From the line holding "How To Install A Curved Tension Shower Rod" through the line holding "76996 vintage Persian" below, write out every line exactly; include both of those lines and drop the pictures.
[[ MATERIAL SHOWN, beginning ]]
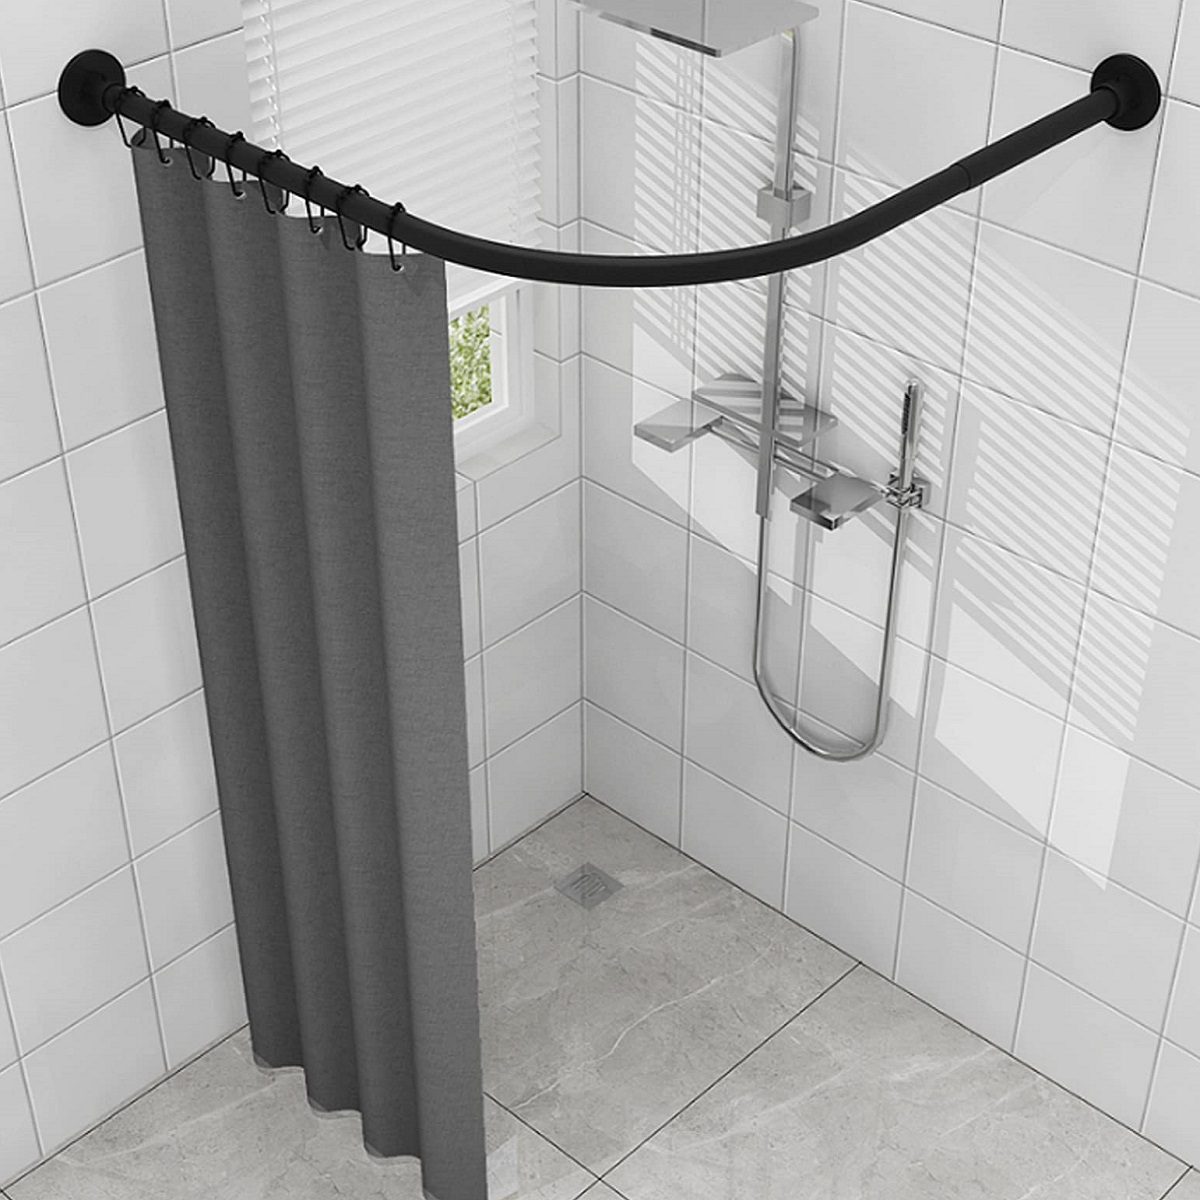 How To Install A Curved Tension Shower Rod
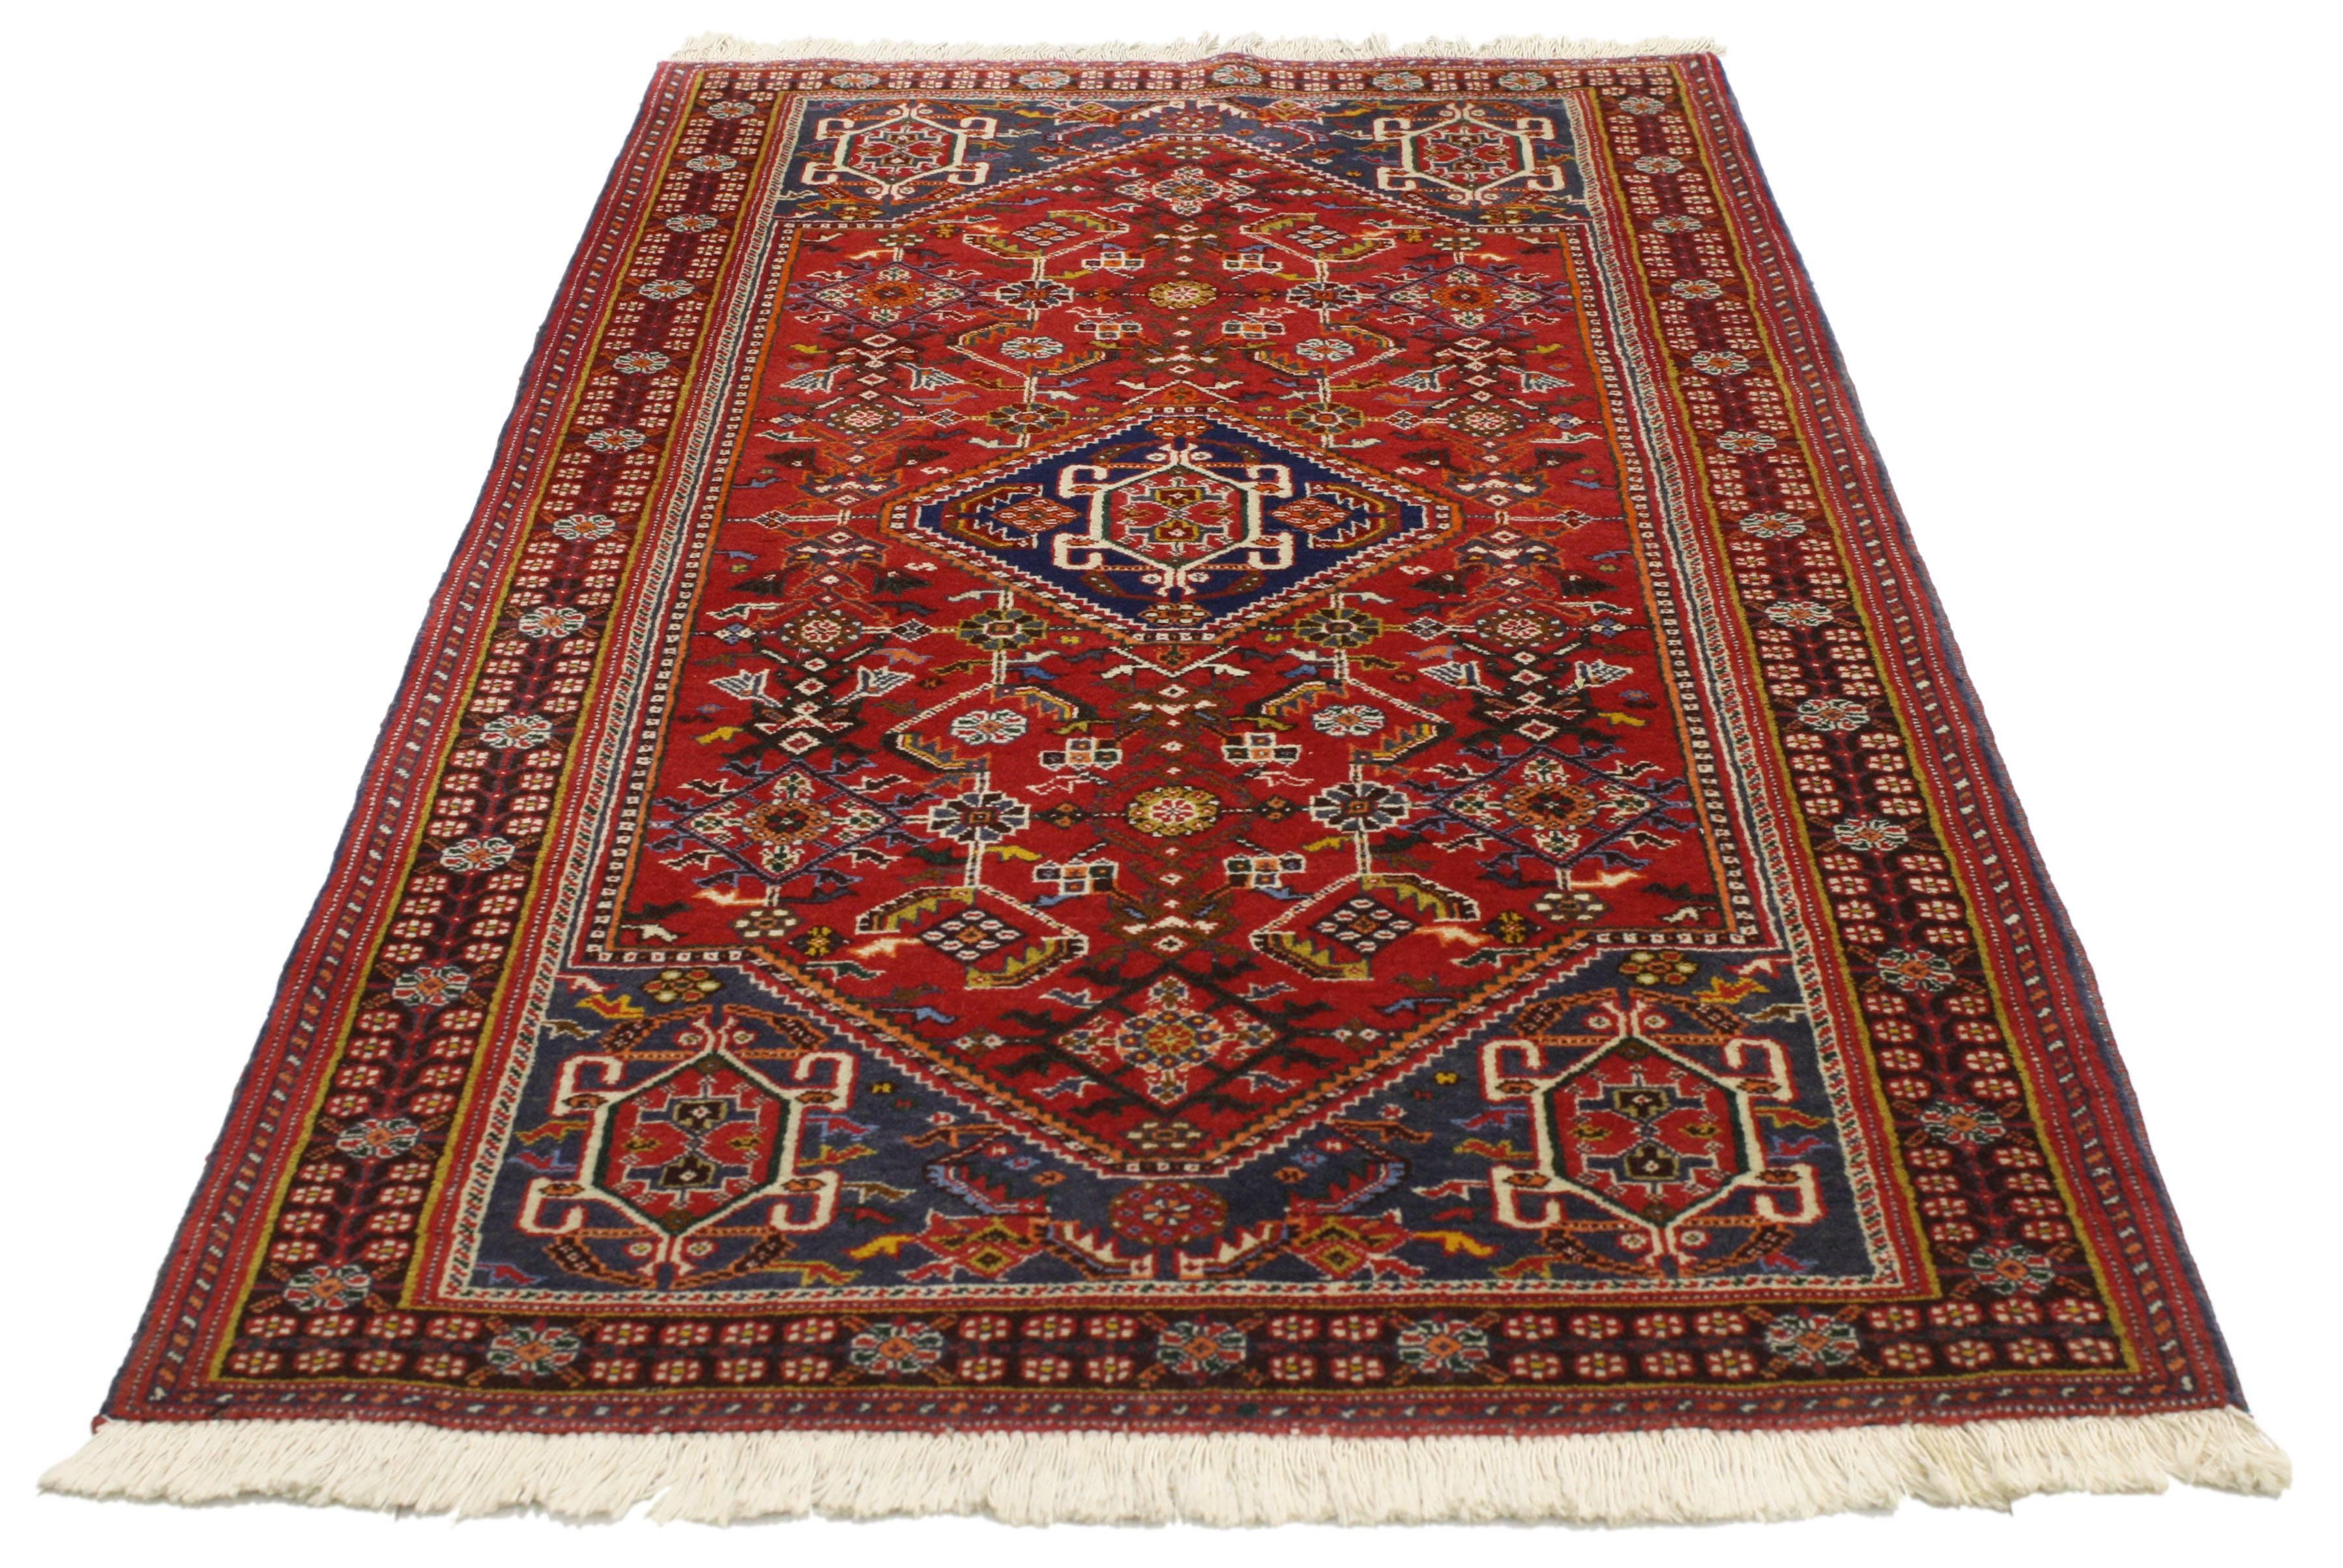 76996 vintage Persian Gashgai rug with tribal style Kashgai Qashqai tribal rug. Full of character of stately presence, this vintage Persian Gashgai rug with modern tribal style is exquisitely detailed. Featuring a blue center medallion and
[[ MATERIAL SHOWN, end ]]
[[ MATERIAL SHOWN, beginning ]]
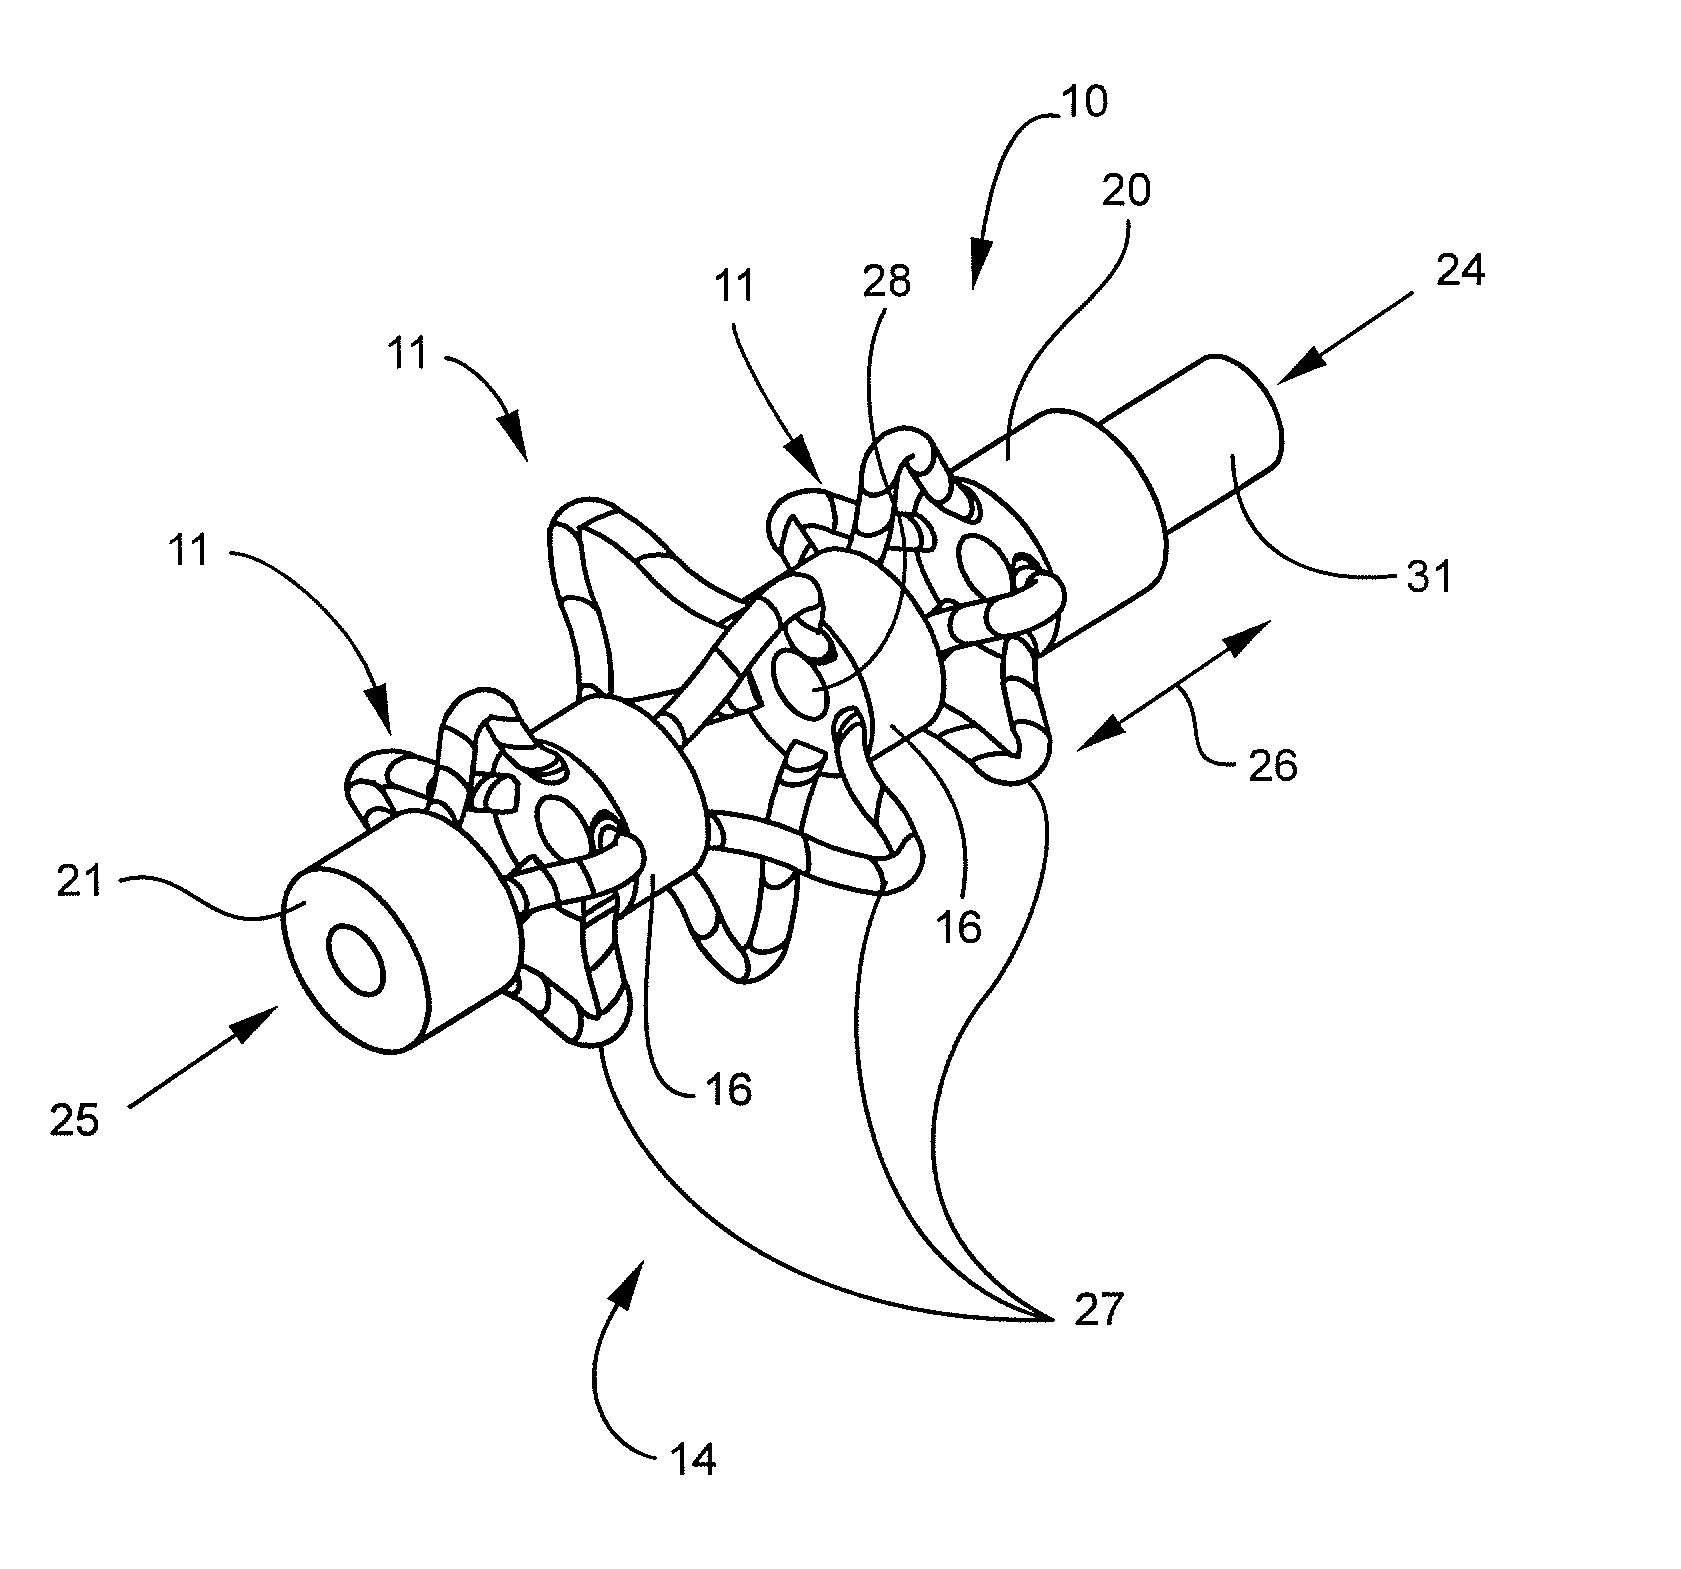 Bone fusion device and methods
[[ MATERIAL SHOWN, end ]]
--- THE ANSWER ---
 How To Install A Curved Tension Shower Rod
 76996 vintage Persian Gashgai rug with tribal style Kashgai Qashqai tribal rug. Full of character of stately presence, this vintage Persian Gashgai rug with modern tribal style is exquisitely detailed. Featuring a blue center medallion and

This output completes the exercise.